Human Matching Behavior in Social Networks: An Algorithmic Perspective

• Published in: PloS one Vol. 7; no. 8; p. e41900
• Main Authors: Coviello, Lorenzo, Franceschetti, Massimo, McCubbins, Mathew D., Paturi, Ramamohan, Vattani, Andrea
• Format: Journal Article
• Language: English
• Published: United States Public Library of Science 22.08.2012; Public Library of Science (PLoS)
• Subjects: Algorithms; Analysis; Behavior; Biology; Computer engineering; Computer Science; Computer simulation; Cooperation; Decision making; Electronic commerce; Engineering; Experiments; Graduate students; Human behavior; Human subjects; Humans; Information processing; Knowledge management; Matching; Mathematical models; Mathematics; Medicine; Models, Theoretical; Network topologies; Networks; Phase transitions; Probability; Social and Behavioral Sciences; Social behavior; Social Networking; Social networks; Social organization; Topology; United States; La Jolla California; United States > US; California
• ISSN: 1932-6203; 1932-6203
• DOI: 10.1371/journal.pone.0041900

We argue that algorithmic modeling is a powerful approach to understanding the collective dynamics of human behavior.
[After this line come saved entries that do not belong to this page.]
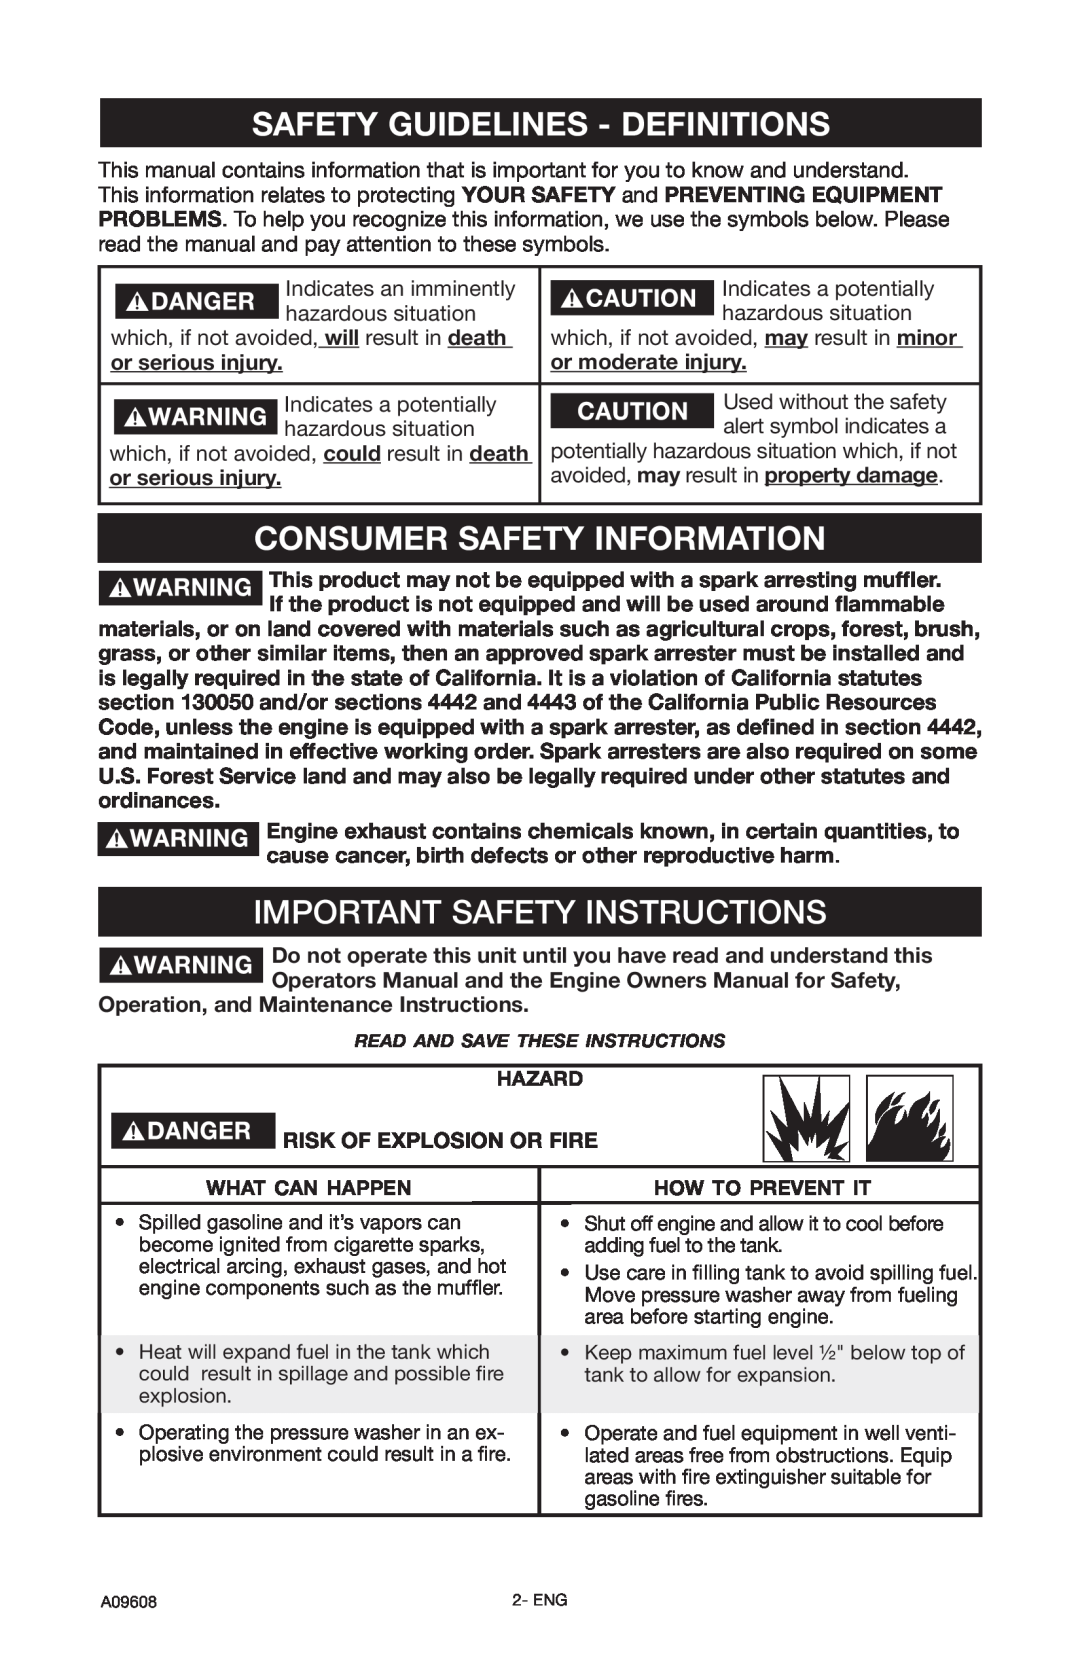 Porter-Cable A09608-0412-0 Safety Guidelines - Definitions, Consumer Safety Information, Important Safety Instructions 
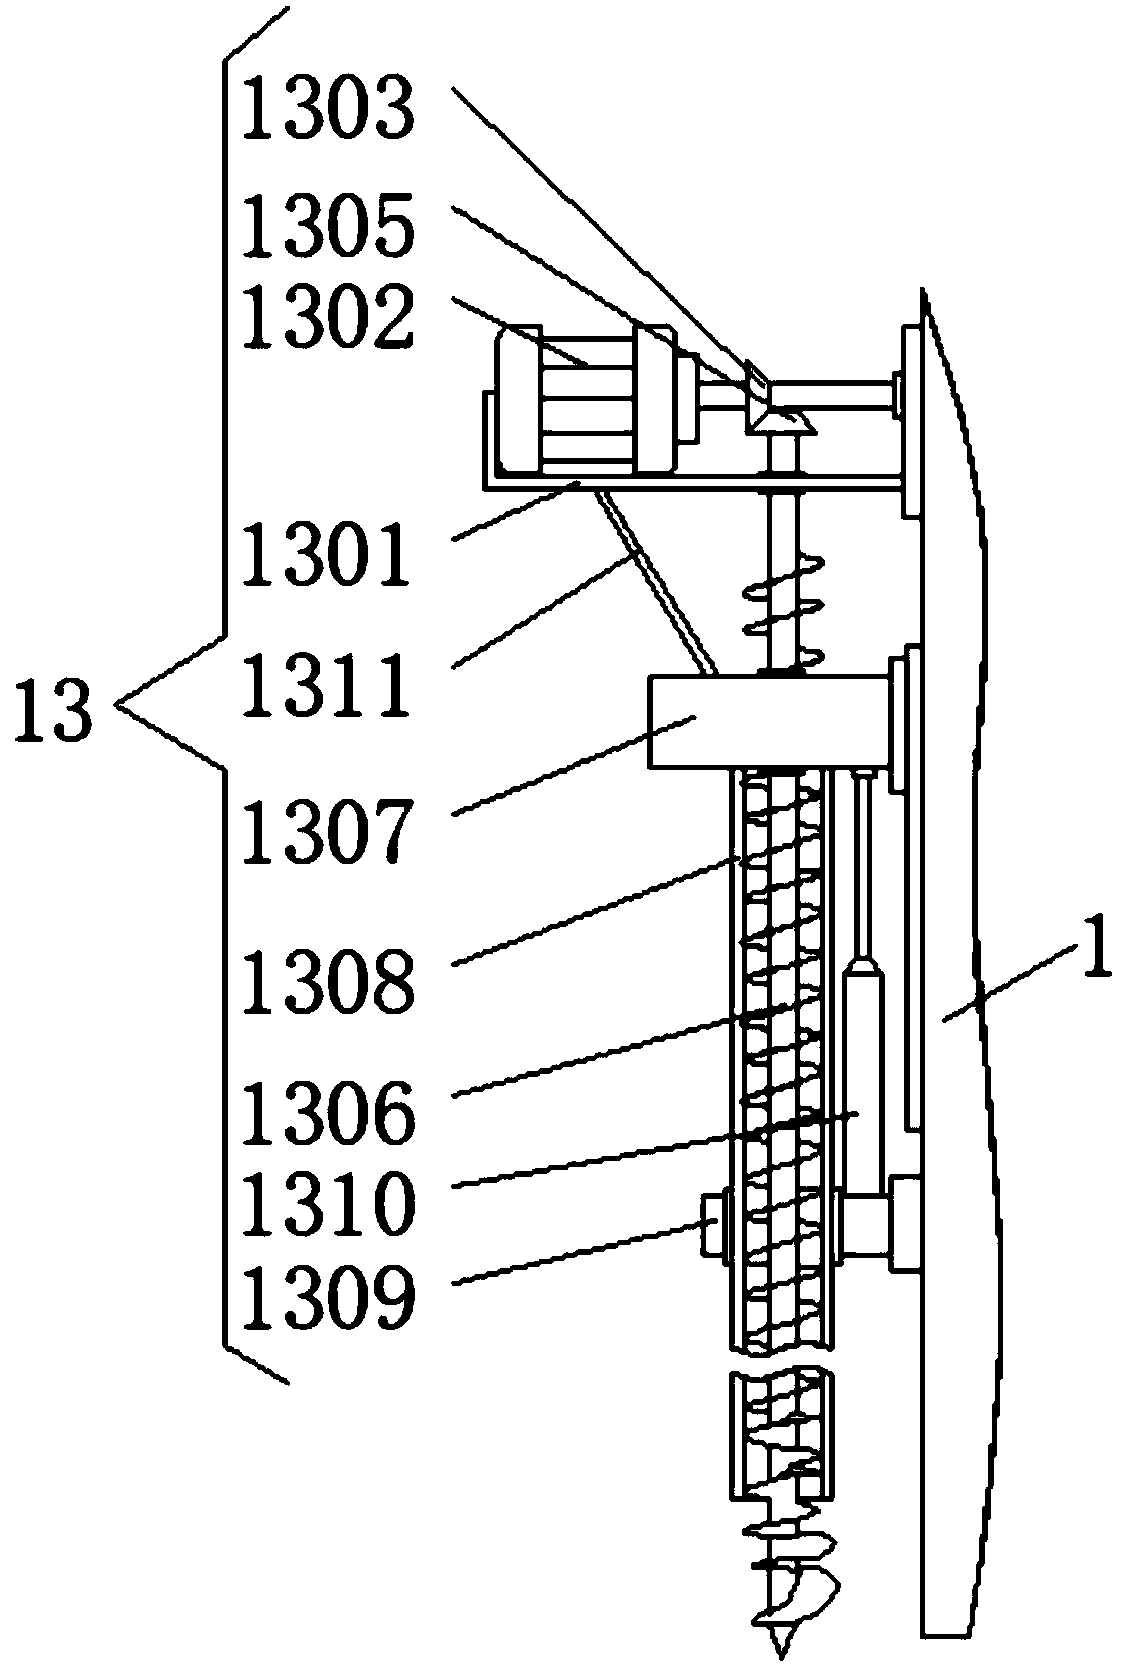 Soil collecting device with storage and detection functions
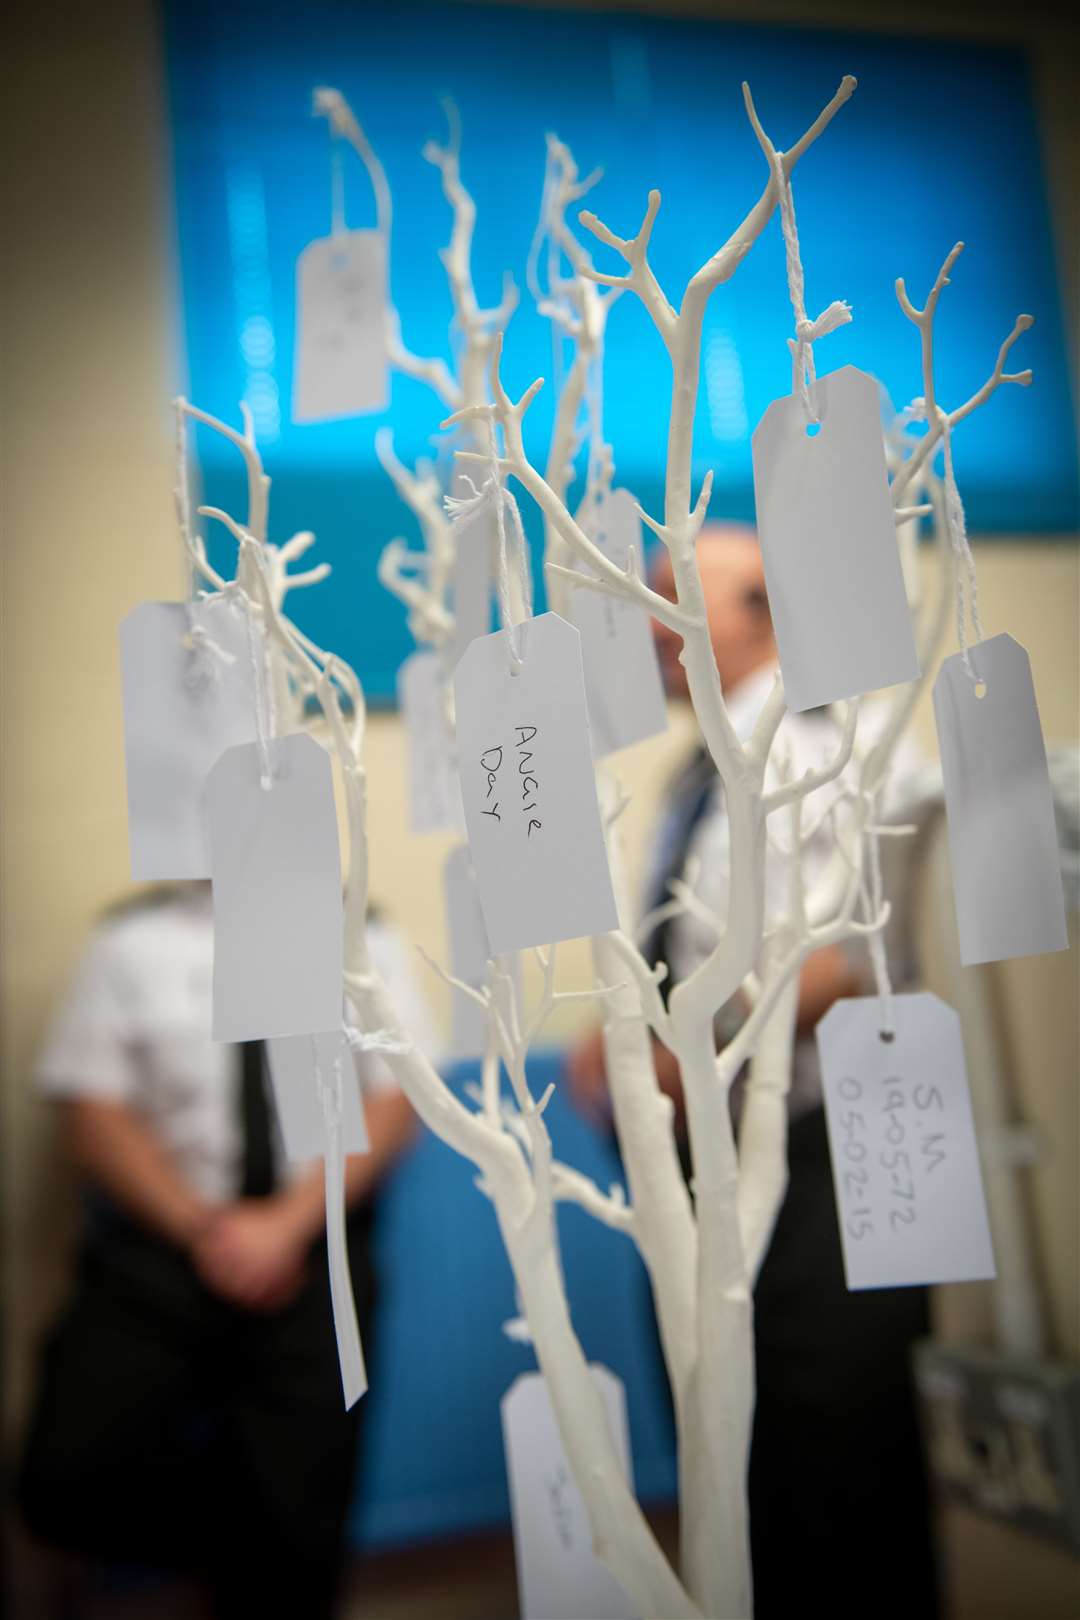 There was an opportunity to put the names of loved ones lost to addiction on the remembrance tree. Picture: Callum Mackay
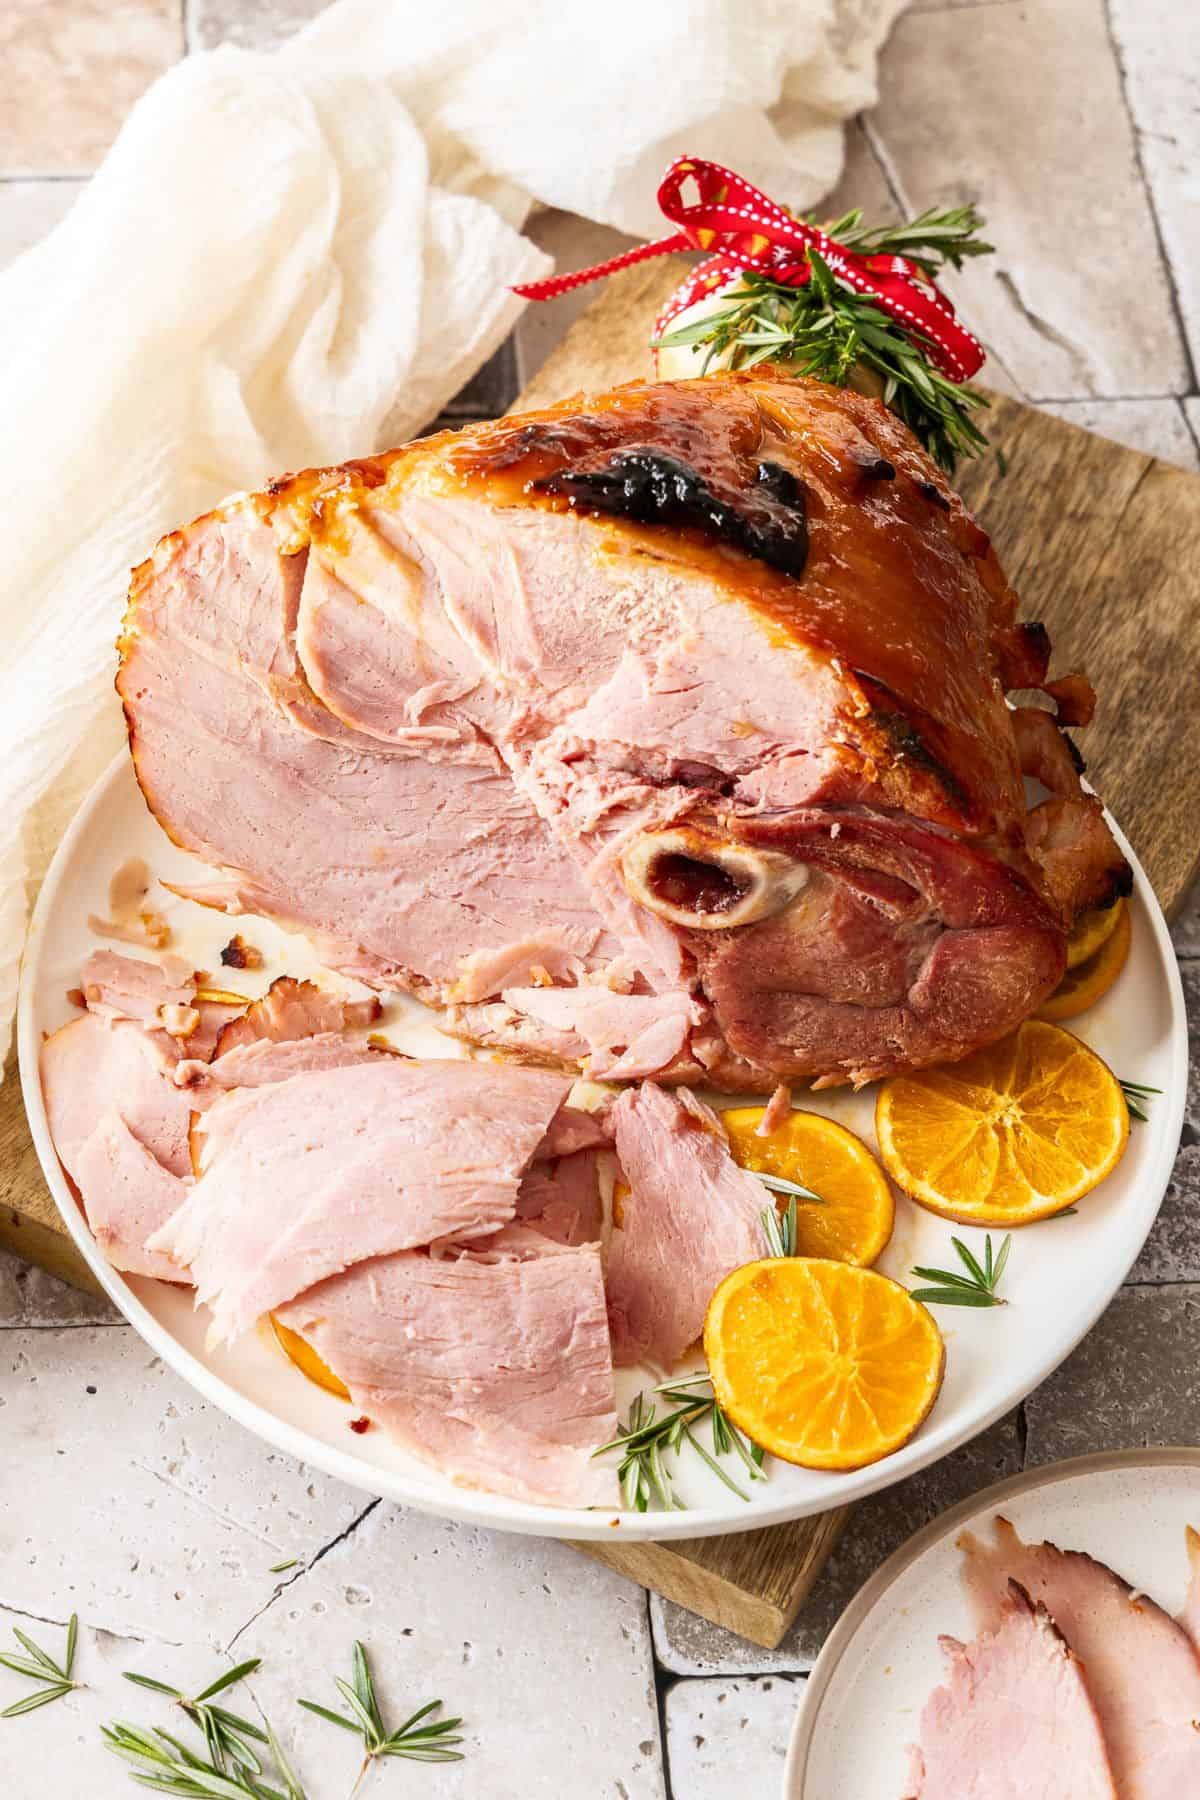 Marmalade Glazed Ham, sitting on a round white plate, with some slices of ham cut, and orange slices around the edge.

We consider the task of pairing up individuals connected over a network, according to the following model: each individual is able to propose to match with and accept a proposal from a neighbor in the network; if a matched individual proposes to another neighbor or accepts another proposal, the current match will be broken; individuals can only observe whether their neighbors are currently matched but have no knowledge of the network topology or the status of other individuals; and all individuals have the common goal of maximizing the total number of matches. By examining the experimental data, we identify a behavioral principle called prudence, develop an algorithmic model, analyze its properties mathematically and by simulations, and validate the model with human subject experiments for various network sizes and topologies. Our results include i) a 1/2-approximate maximum matching is obtained in logarithmic time in the network size for bounded degree networks; ii) for any constant ε > 0, a (1 - ε)-approximate maximum matching is obtained in polynomial time, while obtaining a maximum matching can require an exponential time; and iii) convergence to a maximum matching is slower on preferential attachment networks than on small-world networks. These results allow us to predict that while humans can find a "good quality" matching quickly, they may be unable to find a maximum matching in feasible time. We show that the human subjects largely abide by prudence, and their collective behavior is closely tracked by the above predictions.